The point is this isn’t like machine vision or voice, where its almost expontentionally better than traditional approaches.

It’s just... a bit better. Which is worth it only if the fractional improvement pays for the setup cost.

It's not unheard of to see +10-30% in revenue when adding a recommender system [0]; The system described by the author is arguably more complex than a recommender system, since he has to develop, maintain and evaluate a set of rules that are not based on real data, but only on his intuition of what users want. GP gave good examples of how this would easily fail (do you always want to recommend items from the same category; if not, how do you know which other category to recommend?)

[0] http://citeseerx.ist.psu.edu/viewdoc/download?doi=

For newer or smaller firms the SQL approach makes sense.
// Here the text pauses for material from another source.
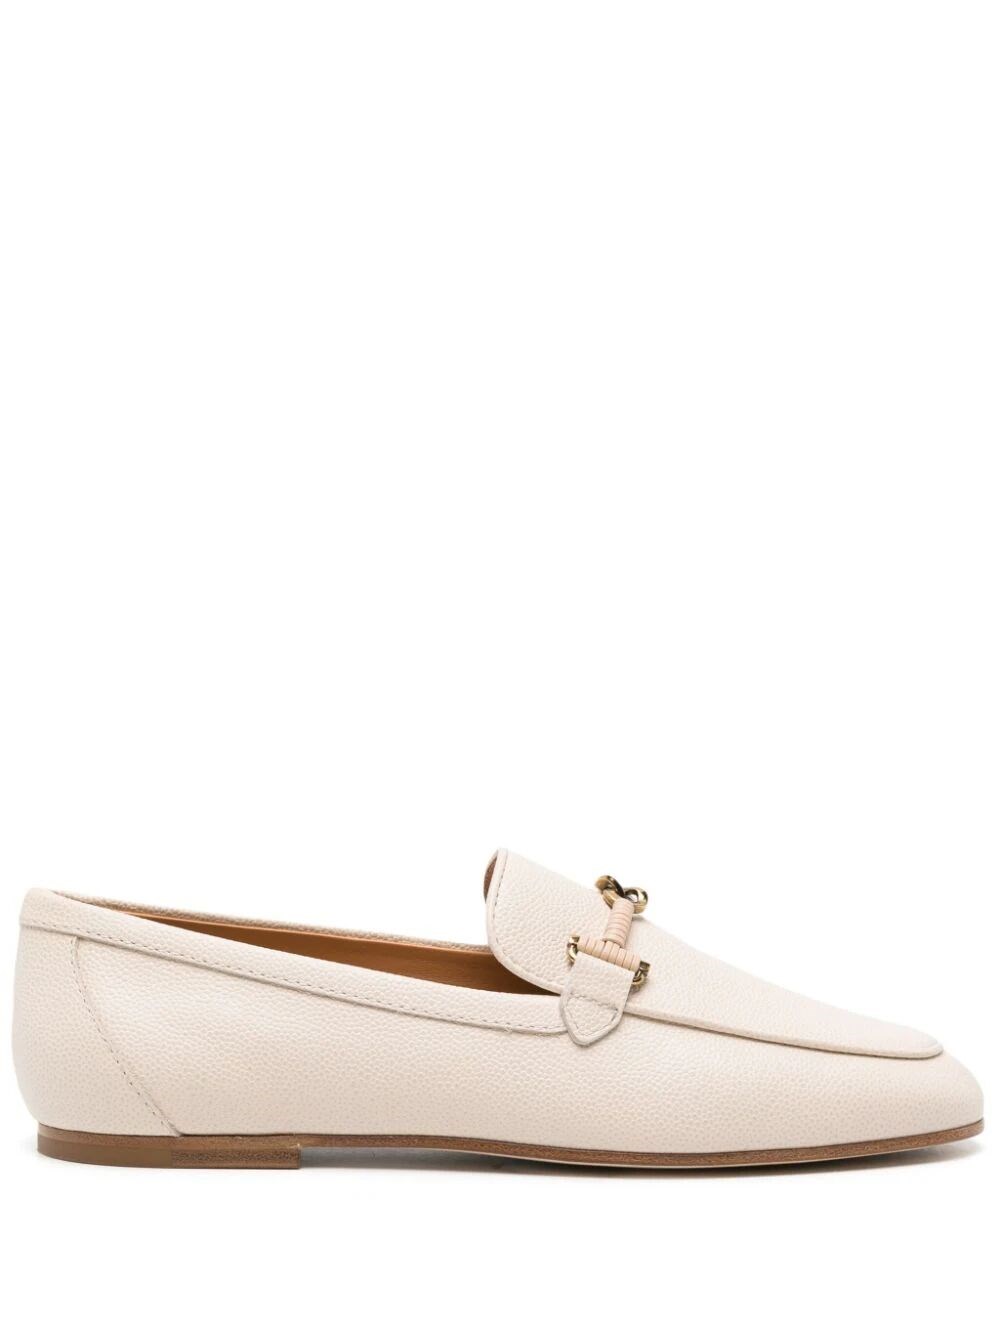 Tod's Slip-on Leather Loafers In Nude & Neutrals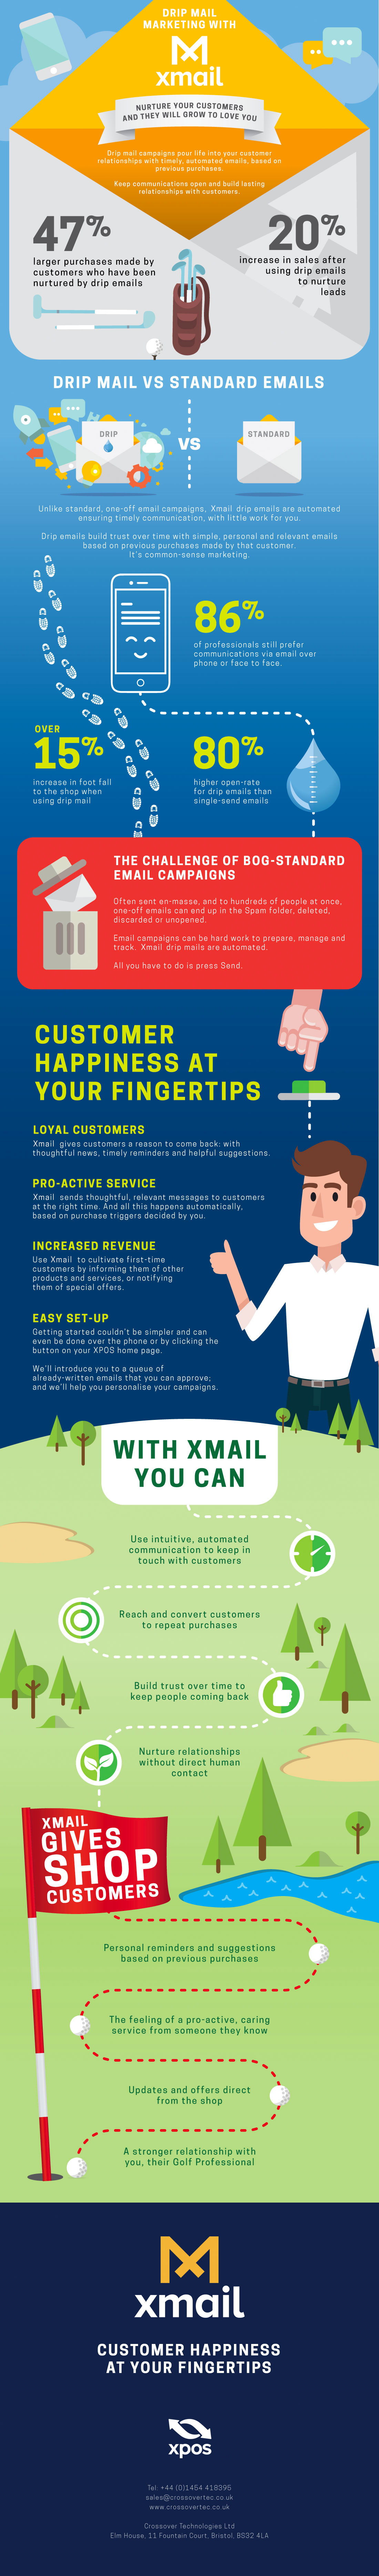 Drip Mail Marketing with XMAIL

Both because there is less data, and it's less risky to implement. Once the context is fully fleshed out, then it's easier to move on to a ML recommender system. It's also easier to track improvement vs a benchmark.

All the big cloud providers are offering pre-trained models for currently popular AI/ML use cases, such as image labelling, face recognition etc. I think this will be the easiest way to apply AI/ML, combined with transfer learning so that the provider can pre-train the basic model and then provide a way for the customer to customize it further for a specific use case.

Of course this can also fail if the pre-trained generic models don't offer enough value and you end up having to develop your own models, but we'll see how it goes.

Btw, I've published a short Kindle book that aims to provide an overview of these pre-trained services currently available on various clouds, it can be found on Amazon by searching for AI ML Managed Services 2018. It attempts to save you the trouble of scanning through all the online documentation to find out what they do.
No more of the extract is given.